Brief >> Could you repeat the entries below exactly, but only from the line with "おとなしい不潔スズメバチHERSバスラボ ボトル クール" through the line with "Thám Tử Lừng Danh Conan: Conan", and without any picture?

Available records >>
☆ ☆ ☆

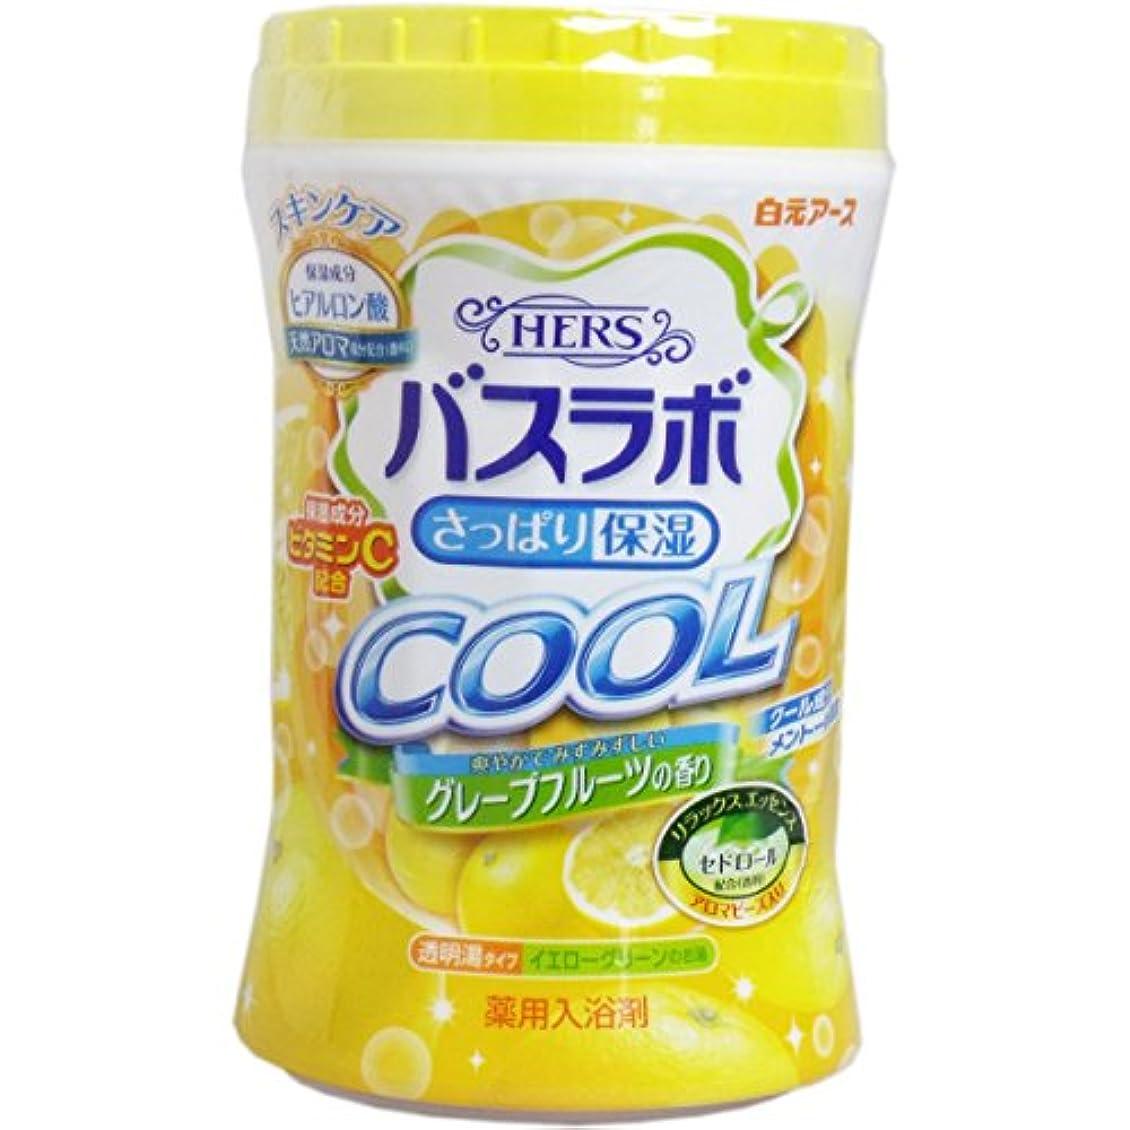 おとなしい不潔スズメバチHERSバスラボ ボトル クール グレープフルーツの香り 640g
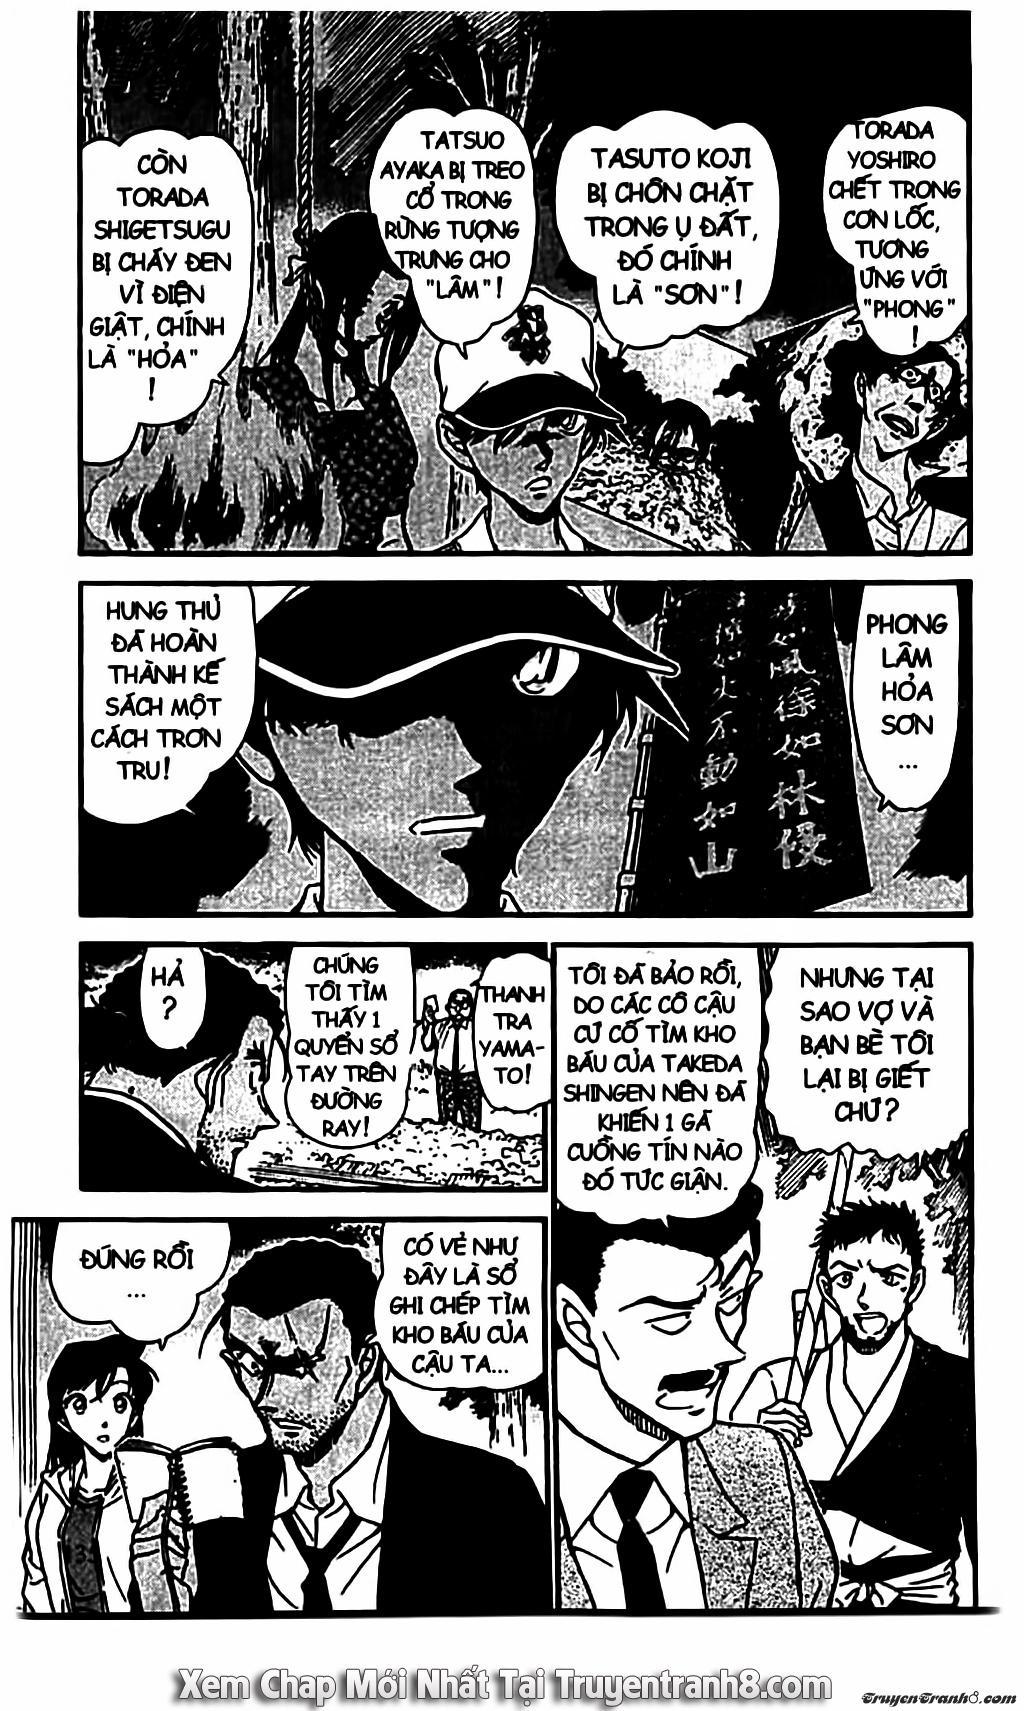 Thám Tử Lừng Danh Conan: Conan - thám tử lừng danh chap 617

☆ ☆ ☆

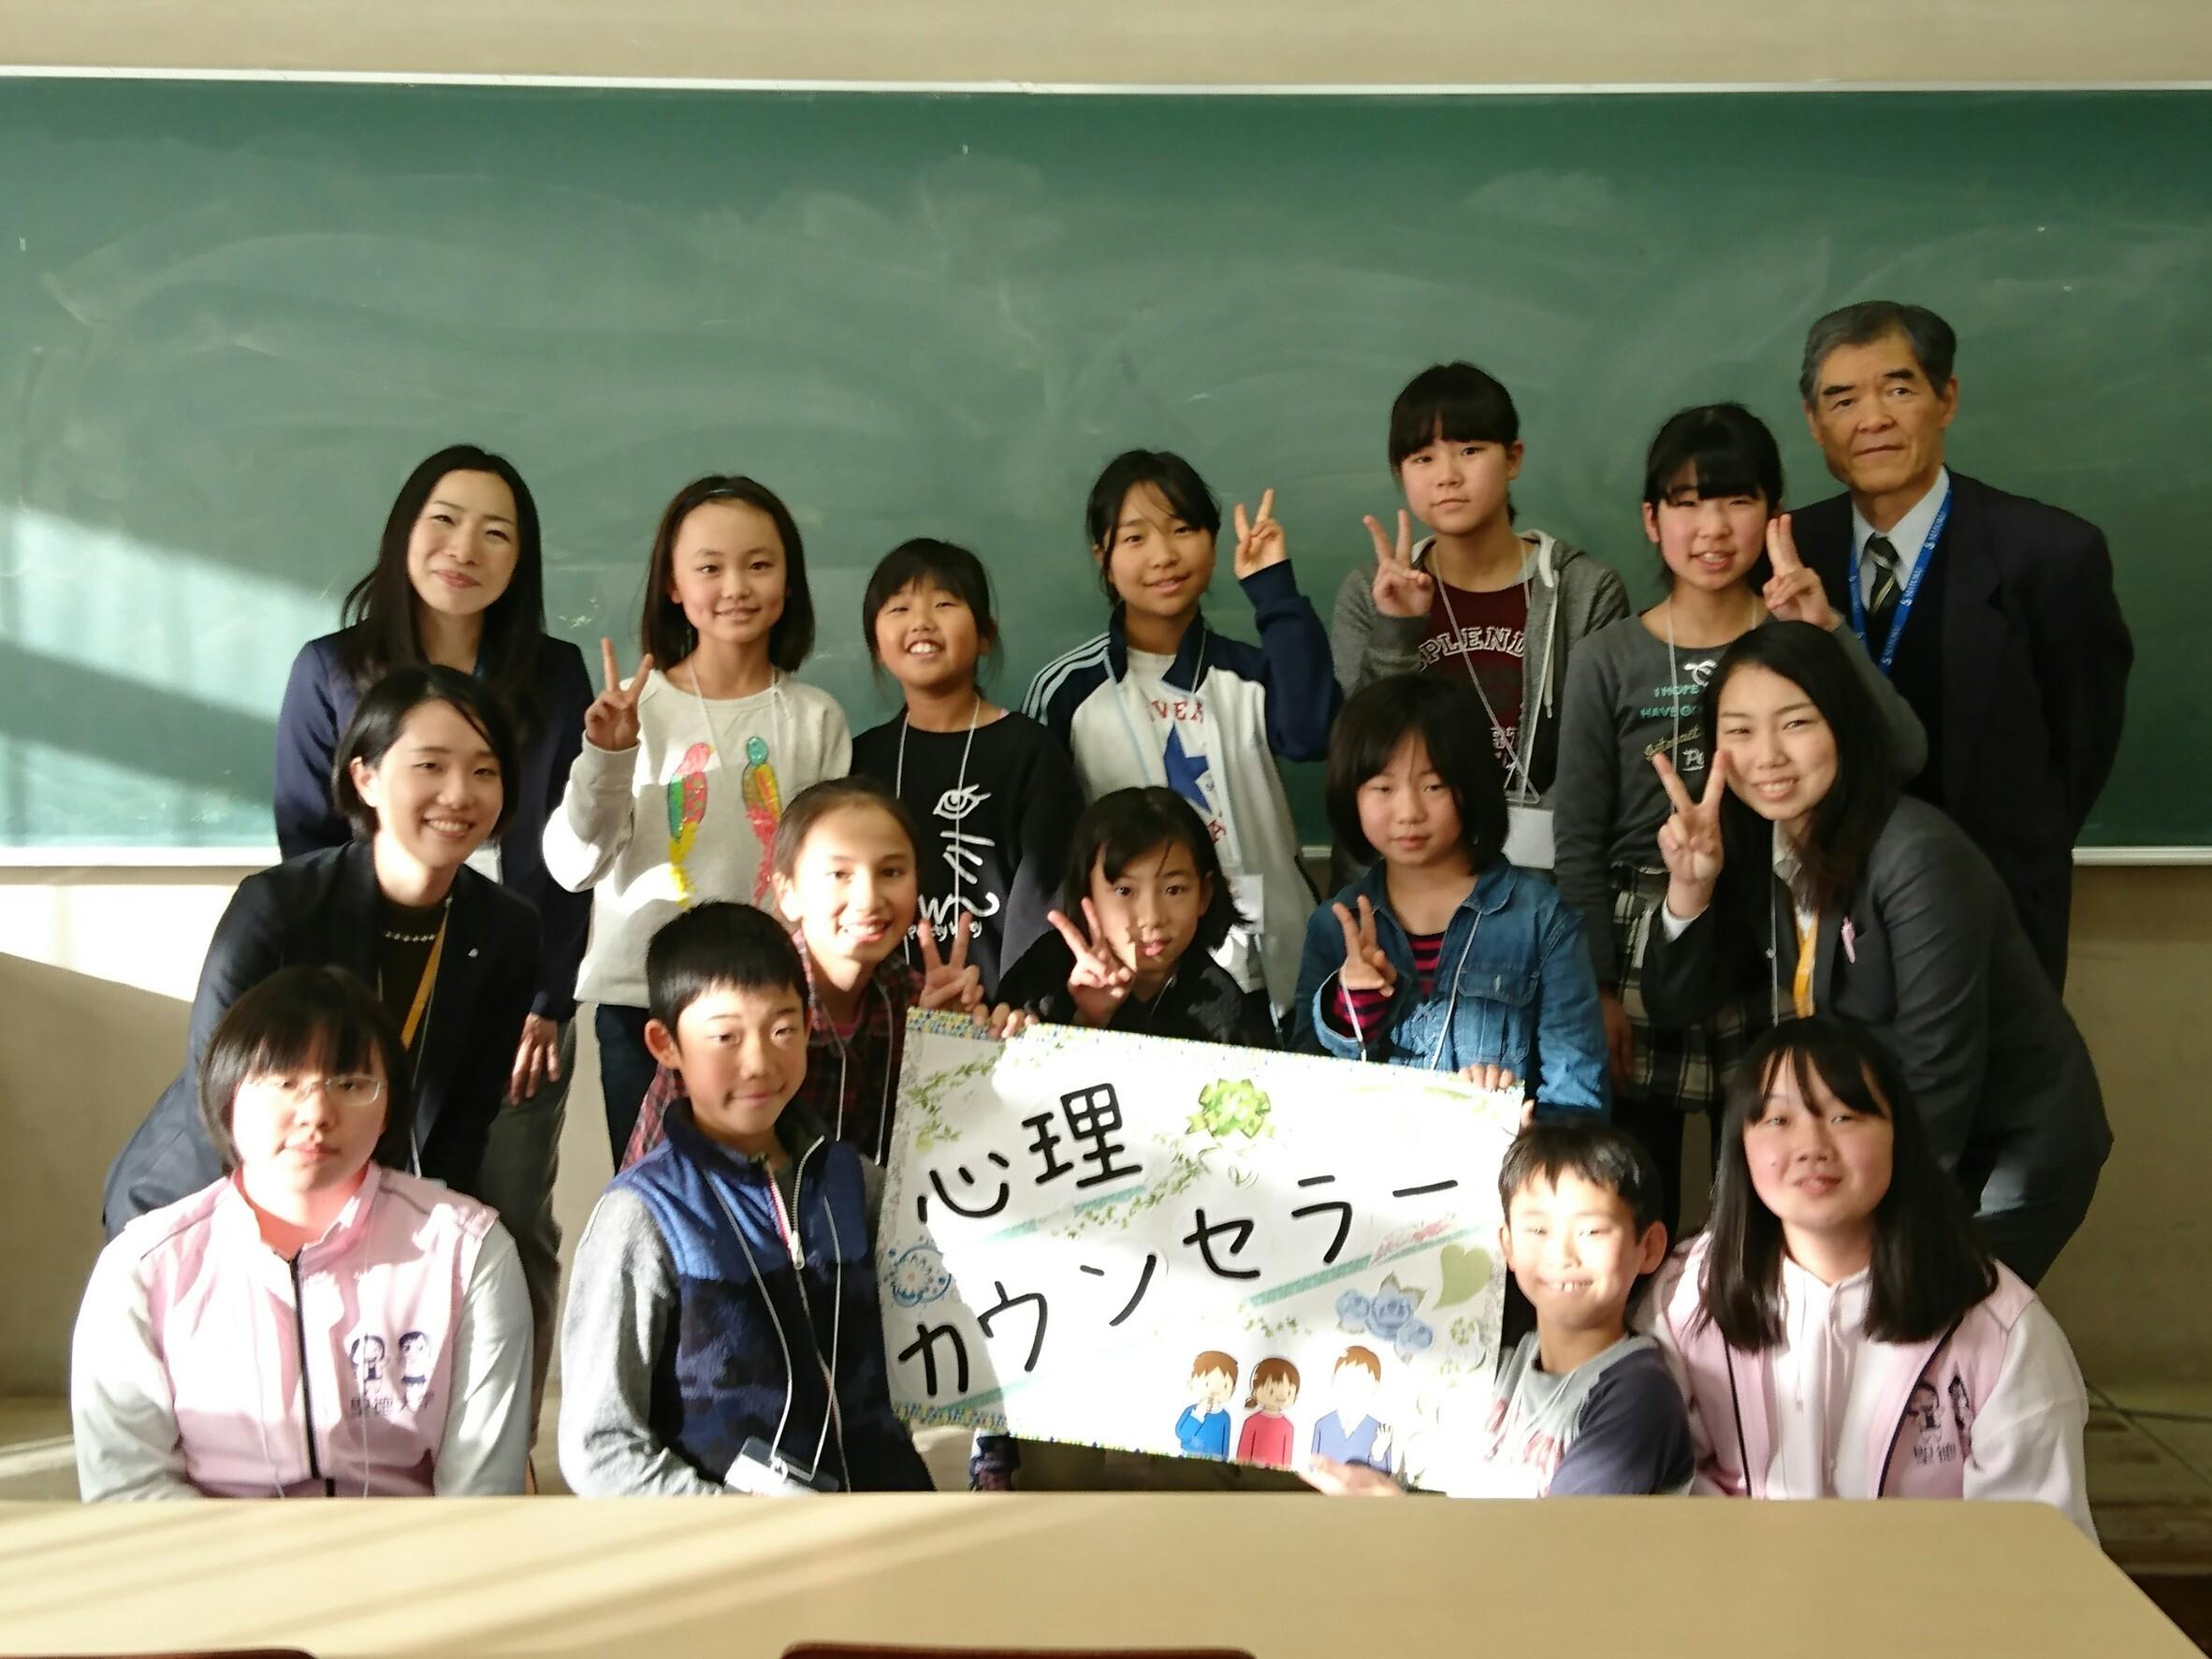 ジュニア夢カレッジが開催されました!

☆ ☆ ☆

Response box >>
 おとなしい不潔スズメバチHERSバスラボ ボトル クール グレープフルーツの香り 640g
 Thám Tử Lừng Danh Conan: Conan - thám tử lừng danh chap 617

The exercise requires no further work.